Craigslist Accused of Ad Discrimination

By DAVE CARPENTER, AP Business Writer
A federal lawsuit accuses the online site Craigslist of violating fair
housing laws by publishing discriminatory classified ads, reviving the
question of what legal boundaries, if any, should exist for postings
on the Internet.
But legal experts say the lawsuit against Craigslist, a fast-growing
online network of classified ads and forums, faces an uphill battle
because of laws in place to protect online service providers.

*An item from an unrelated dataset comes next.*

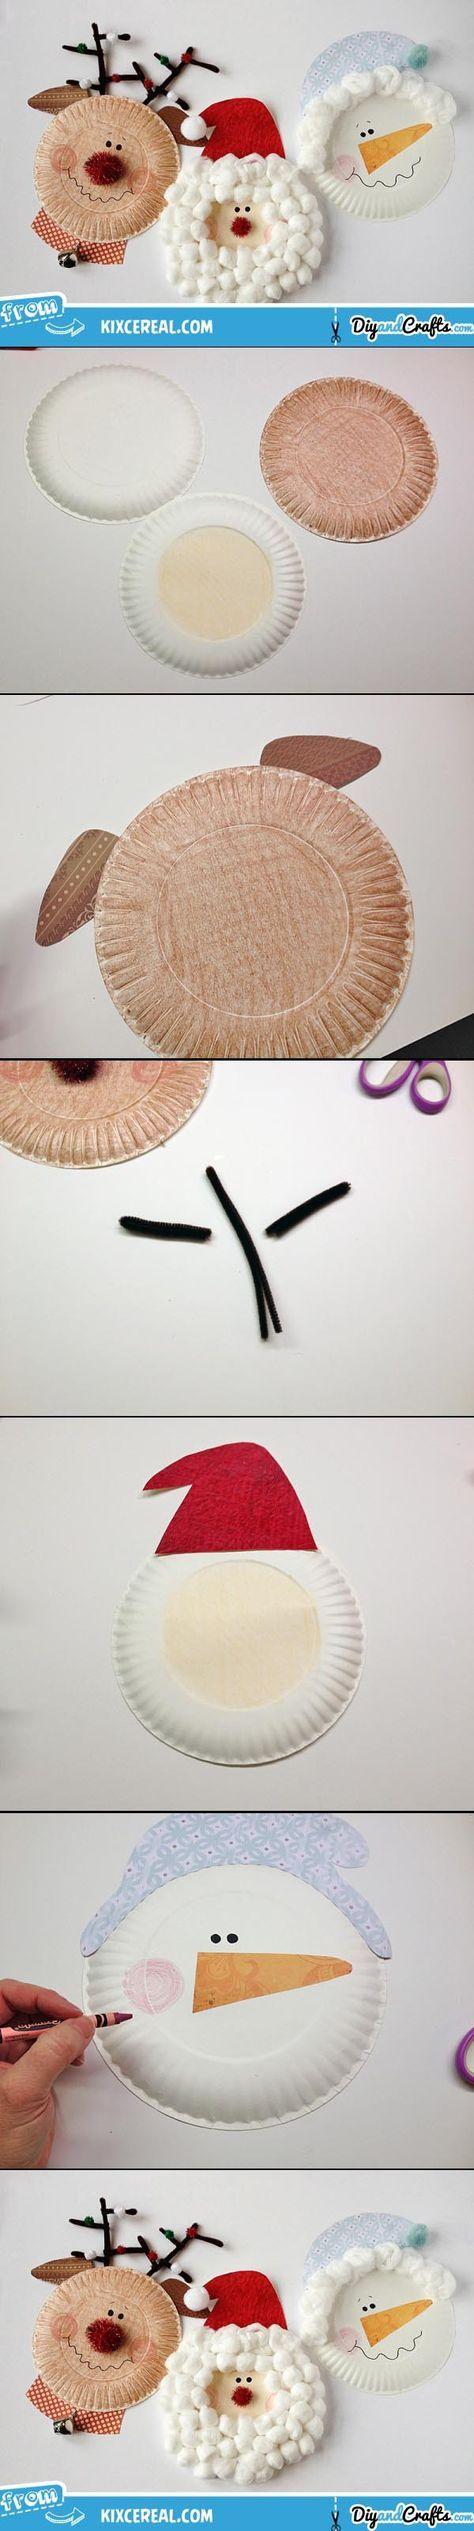 Paper Plate Christmas Characters- Santa, Rudolph, Snowman | #DIY

The lawsuit, filed by a Chicago fair housing group in U.S. District
Court last Friday, contends that Craigslist's Chicago site distributed
more than 100 ads that violated the federal Fair Housing Act by
excluding prospective buyers or tenants on the basis of race, gender
or religion.
Among the housing ads cited as objectionable by the Chicago Lawyers'
Committee for Civil Rights Under Law Inc. were ones that read "NO
MINORITIES," "Requirements: Clean Godly Christian Male," and "Only
Muslims apply."
While it remained unclear Thursday if the suit is the first of its
kind, it signifies a burgeoning effort by housing watchdog groups to
extend to the Internet the same legal restrictions facing those that
publish print classifieds.
"Our goal is to have the Internet places like Craigslist treated no
differently than newspapers and other media who have traditionally
been posting real estate advertisements," said Stephen Libowsky, a
counsel for the housing group. "All of the gains are going to get lost
if the same rules don't apply."
The nonprofit group is an affiliate of the National Fair Housing
Alliance. Its Louisiana affiliate, the Greater New Orleans Fair
Housing Action Center, recently filed a similar complaint against the
hurricane relief Web site Katrinahousing.org, alleging it found 68
discriminatory housing ads.
San Francisco-based Craigslist, founded in 1995 as a roundup of local
events, now has listings in more than 20 countries and 150 cities and
runs 8 million new classified ads a month. Its huge scope means the
Chicago case will likely be watched closely by other online
sites. EBay Inc. owns 25 percent of Craigslist.
A ruling against it "would have a chilling effect on the Internet and
what it was intended to provide, and that is an open forum and free
expression," said Melissa Klipp, a Florham Park, N.J.-based attorney
who practices Internet law.
The lawsuit seeks, among other things, to require Craigslist to report
to the government any individual seeking to post a discriminatory ad
and to develop screening software to preclude discriminatory ads from
being published on its Web site.
Craigslist, which has 19 employees, maintains that screening its
almost-nonstop classified listings would be impossible. Jim
Buckmaster, its chief executive officer, said Thursday that the system
is automated and that users can flag postings. If enough do, it comes
off automatically. The "NO MINORITIES" ad was removed within two
hours, he said.
"We admit that one or two postings per 100,000 are discriminatory,"
Buckmaster said. "But we feel we're in the forefront of promoting fair
housing for everyone."
The site last month added a yellow link on each housing ad warning
that "Stating a discriminatory preference in a housing post is
illegal." When clicked, users get information about the Fair Housing
Act and guidance on how to write ads that comply.
Several Internet law experts said the suit seems likely to fail,
citing a 1996 federal law that says an online service provider isn't
considered a publisher or a speaker when it merely passes along
information provided by someone else.
Jennifer Rothman, a law professor at Washington University in
St. Louis, called it "a complete nonstarter" despite legitimate
concerns about discrimination.
"Congress decided it was more important not to chill speech on the
Internet and not to shut down these Internet providers," she said. "If
you start holding them responsible, essentially you shut down the
business."
"From a moral standpoint, of course, people will expect that if you're
going to run a site like that you ought to police it," said
Houston-based attorney Jeff Diamant. "But all Craigslist is doing is
running a forum for people to communicate."